Even the unlikely possibility that the acquittal is the product of a lenity that judges are free to exercise at the time of sentencing but generally are forbidden to exercise when ruling on guilt or innocence, would not create a constitutional violation. ... The Constitution does not prohibit state judges from being excessively lenient.

Id. at 346-48, 102 S.Ct. at 465 (footnotes omitted). Rivera is not squarely on point as it involves inconsistency in conviction and acquittal of multiple defendants. However, it does represent a concern for the guilty verdict which is supported by evidence beyond a reasonable doubt. Standefer v. United States, 447 U.S. 10, 100 S.Ct. 1999, 64 L.Ed.2d 689 (1980); cf. United States v. Agurs, 427 U.S. 97, 96 S.Ct. 2392, 49 L.Ed.2d 342 (1976).

. We have already rejected the concept that acquittal of one co-conspirator (A) in a separate trial necessarily mandates the acquittal of the other (B) where the evidence establishes B’s complicity beyond a reasonable doubt. United States v. Garcia, 16 M.J. 52 (C.M.A. 1983). Furthermore, "[a]n inconsistent verdict is not usually a cause for relief," since “the court-martial may merely have given the accused 'a break.’ ” United States v. Lyon, 15 U.S.C.M.A. 307, 313, 35 C.M.R. 279, 285 (1965).

. In Arizona v. Washington, 434 U.S. 497, 517, 98 S.Ct. 824, 836, 54 L.Ed.2d 717 (1978), the Supreme Court found:

*176Review of any trial court decision is, of course, facilitated by findings and by an explanation of the reasons supporting the decision. No matter how desirable such procedural assistance may be, it is not constitutionally mandated in a case such as this.

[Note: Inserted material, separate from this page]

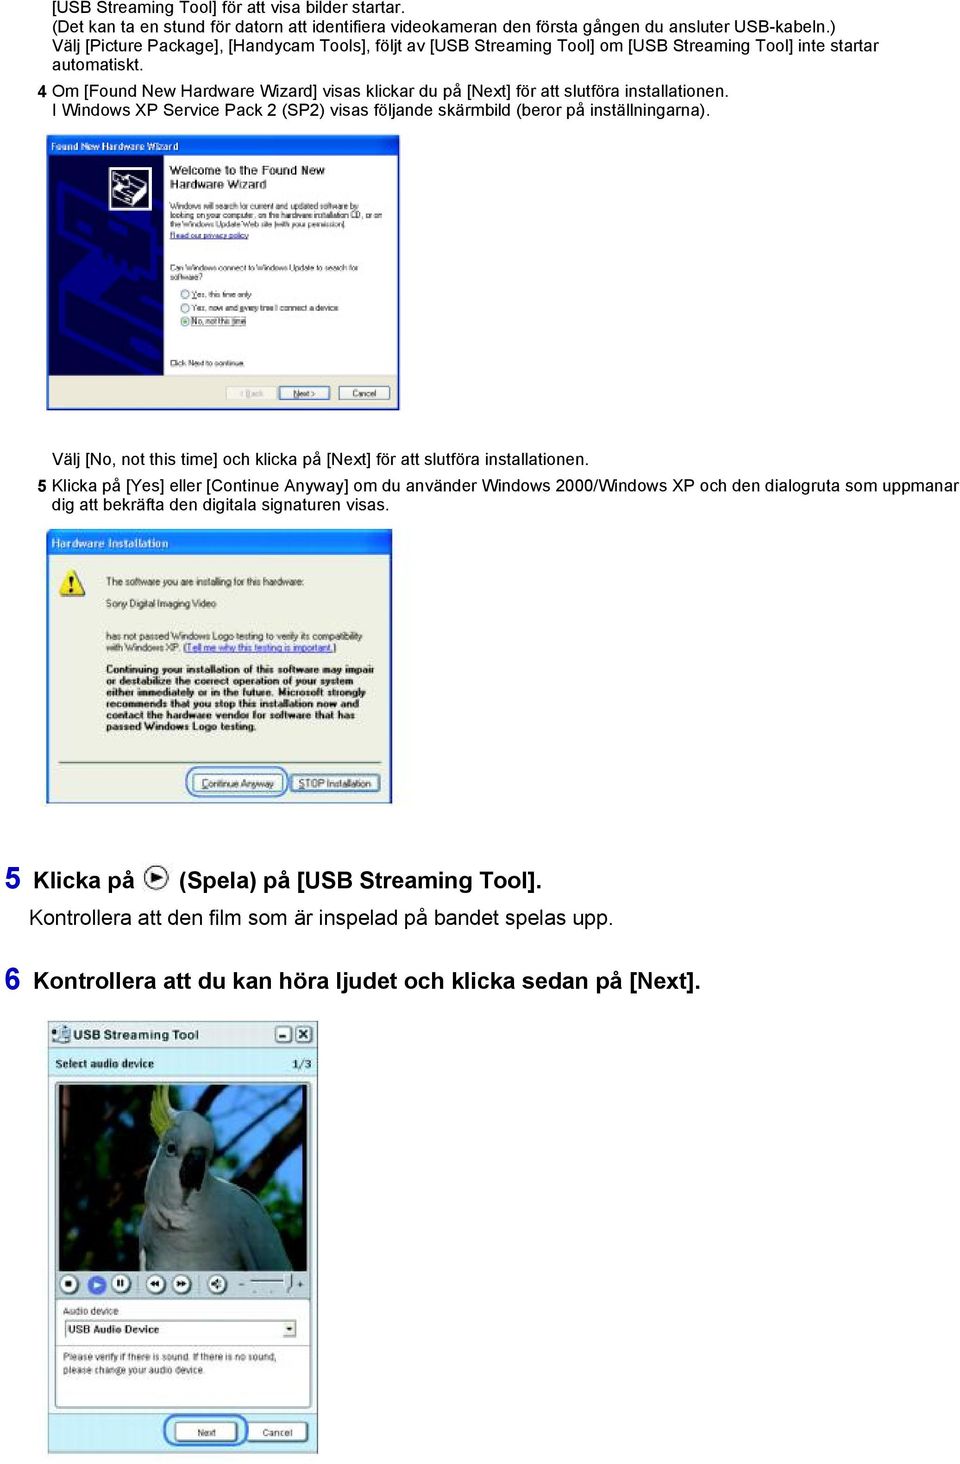 4 Om [Found New Hardware Wizard] visas klickar du på [Next] för att slutföra installationen. I Windows XP Service Pack 2 (SP2) visas följande skärmbild (beror på inställningarna).

. Dr. Martinroe’s report states, in part:

Whatever the facts may be, knowledge of children’s and adolescent's emotional and sexual development argues strongly against fathers touching girl’s breasts or massaging their backs, most particularly in adolescence. There are normally sexual feelings between fathers or stepfathers and daughters. ... In placing a teenage girl alone with her stepfather often arouses sexual feelings in both. When there is further and concrete sexualizing of this relationship (the inevitable effect of touching her breasts and massaging her back whatever was the underlying reason) then the relationship becomes a destructive one. ... In ... [the victim’s] situation there is not only the sexualizing of the relationship to the stepfather but in addition the lack of basic trust and bonding to the mother and father.

Dr. Samek also speaks of "the sexualizing of the relationship.”

. These witnesses did give “opinions” in certain instances, but such testimony is permitted by Mil.R.Evid. 701 when it is "(a) rationally based on the perception of the witness and (b) helpful to a clear understanding of the testimony of the witness or the determination of a fact in issue.”

. This witness had two degrees in counseling and worked for the state as a counselor.

. The interrelationship of these rules with Mil.R.Evid. 401 and 402 has been recognized. S. Saltzburg, L. Schinasi, and D. Schleuter, Military Rules of Evidence Manual 325 (1981). The expanded concept of "relevant evidence" therein set forth is in keeping with the overall philosophy of the Military (and Federal) Rules of Evidence. -

. We have used the term "incest,” but it should be noted that the accused was not the natural father of the victim, a frequent common factor in these cases.